According to stage director Sven-Eric Bechtolf “Don Giovanni is a romantic hero of metaphysical proportions.” He sees Don Giovanni as a person who is craving for freedom and a lack of boundaries in a puritan society. The role is performed by Italian bass-baritone Ildebrando D’Arcangelo, one of today’s leading Mozart singers (like Luca Pisaroni who sings Leporello, and Lenneke Ruiten who performs Donna Anna). Leading the Wiener Philharmoniker is the German conductor Christoph Eschenbach, a heir of George Szell and Herbert von Karajan.

Salzburg Festival: Verdi, Il Trovatore

“Anna Netrebko – better than Maria Callas” (Süddeutsche Zeitung) – Since her sensational success in “La Traviata” the soprano Anna Netrebko, now even more popular than ever before, returns regularly to the great festival hall at the Salzburg Festival. This time she shines as Leonora in Giuseppe Verdi’s tragic opera “Il Trovatore” at the side of Placido Domingo and the critics go wild: “A triumph” writes the New York Times, while the Neue Zürcher Zeitung speaks of “truly divine sounds”. Alvis Hermanis staged the plot that revolves round two rival brothers who love the same woman and only learn they are related at the moment of her death, using sets that “in their opulent adherence to detail and fantastically illuminated atmosphere (…) offer much more than just a decorative sight for sore eyes“ (Salzburger Nachrichten).

Salzburg Festival 2012: Die Soldaten

Bernd Alois Zimmermann’s opera Die Soldaten (The Soldiers), the “highlight of the festival season” (Süddeutsche Zeitung), breaks all records!

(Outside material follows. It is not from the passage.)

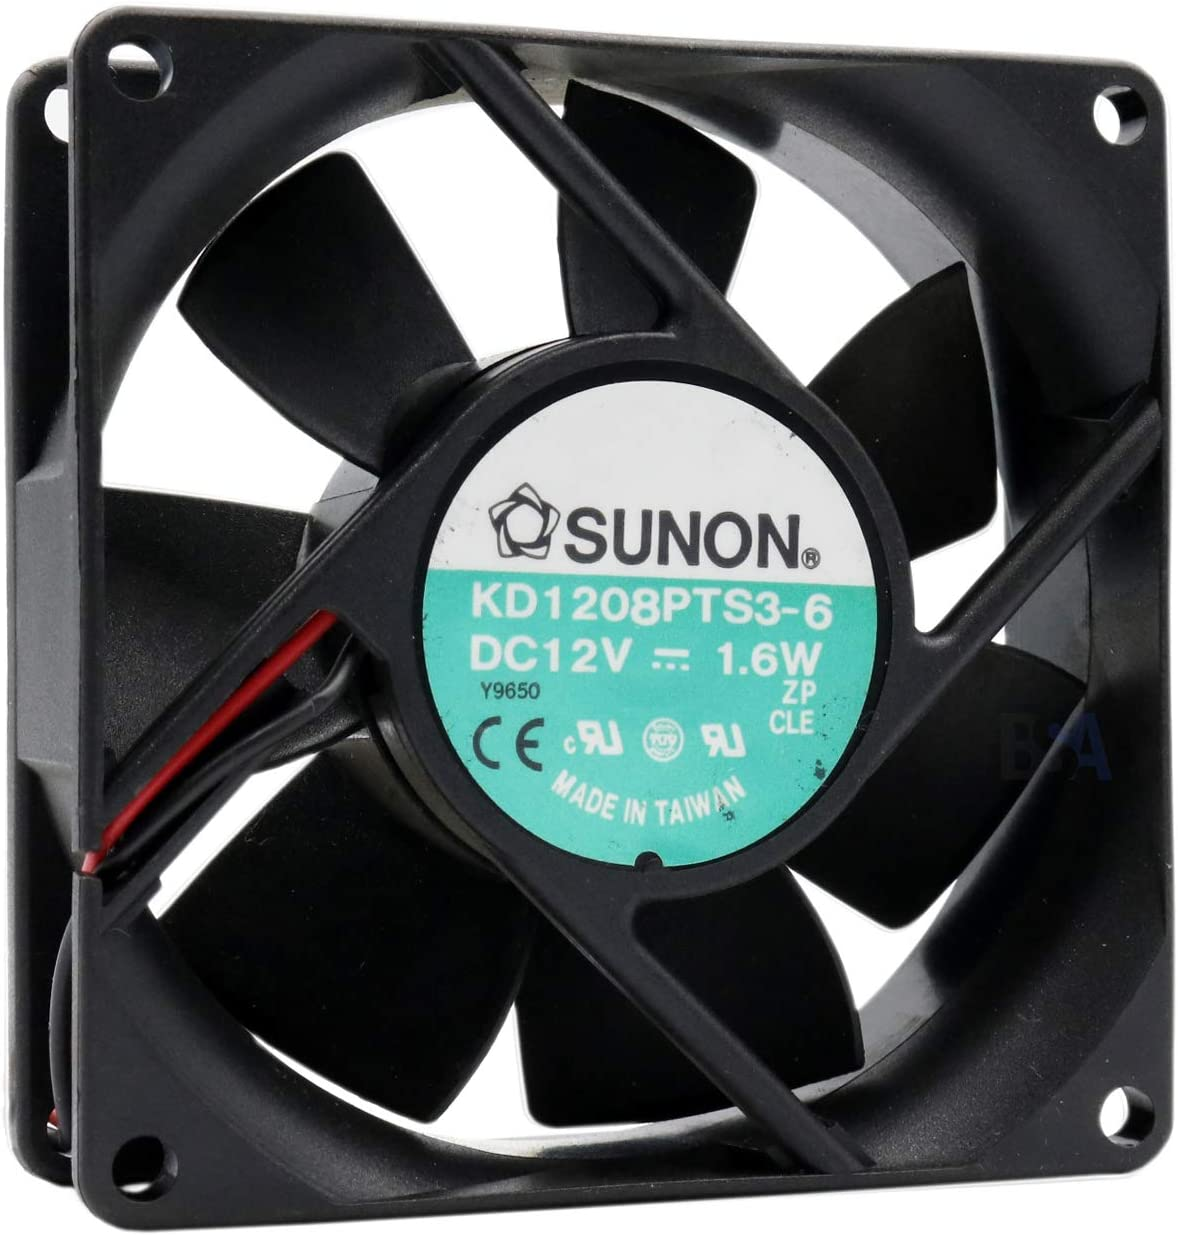 Sunon - Ventilador 80 mm 80 x 80 x 25 KD1208PTS3-6 12 V DC 0,13 A ...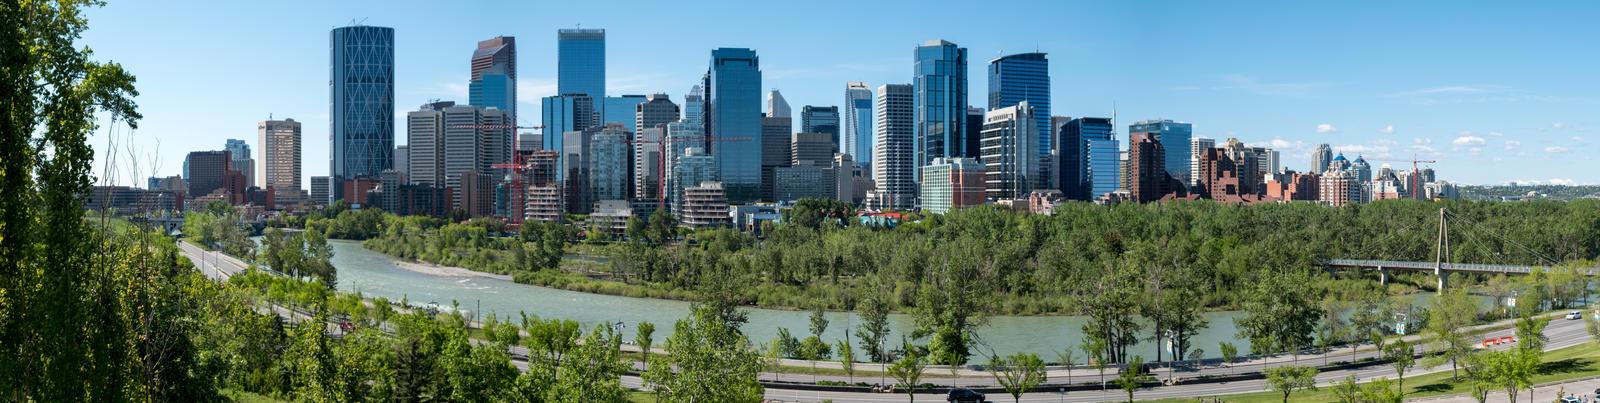 Calgary by the3dman

The style and structure of an opera, acknowledged as one of the 20th century’s key works, its musical and dramatic collage technique take it to the limits of what is playable. Now, in Salzburg’s Felsenreitschule, the opera has found the ideal performance venue and, with the Vienna Philharmonic under Ingo Metzmacher together with a top-flight cast of singers, ist ideal performers too.

Salzburg Festival 2012: Ariadne auf Naxos

“The vocals are pure gold”, wrote the Berliner Zeitung. Emily Magee masters the challenge of her complex character’s richly nuanced vocal lines, while Elena Mosuc as Zerbinetta produced her coloratura cascades with breathtaking ease, and Jonas Kaufmann received accolades from the critics for his role debut as the “best Bacchus ever” (Berliner Zeitung). Daniel Harding and the Vienna Philharmonic provided the necessary musical foundations to this performance of Strauss’ Ariadne auf Naxos, in a special version for the Salzburg Festival created by Sven-Eric Bechtolf of the original version from 1912. Written immediately after the great success of Der Rosenkavalier, Ariadne auf Naxos was a combination of mythological opera and Molière’s drama Le Bourgeois Gentilhomme, though Strauss expunged all trace of the latter in his second version of 1916. To mark the centenary of the first version, a sensational project has created a daring production fulfilling the composer’s original dream of a “Gesamtkunstwerk”.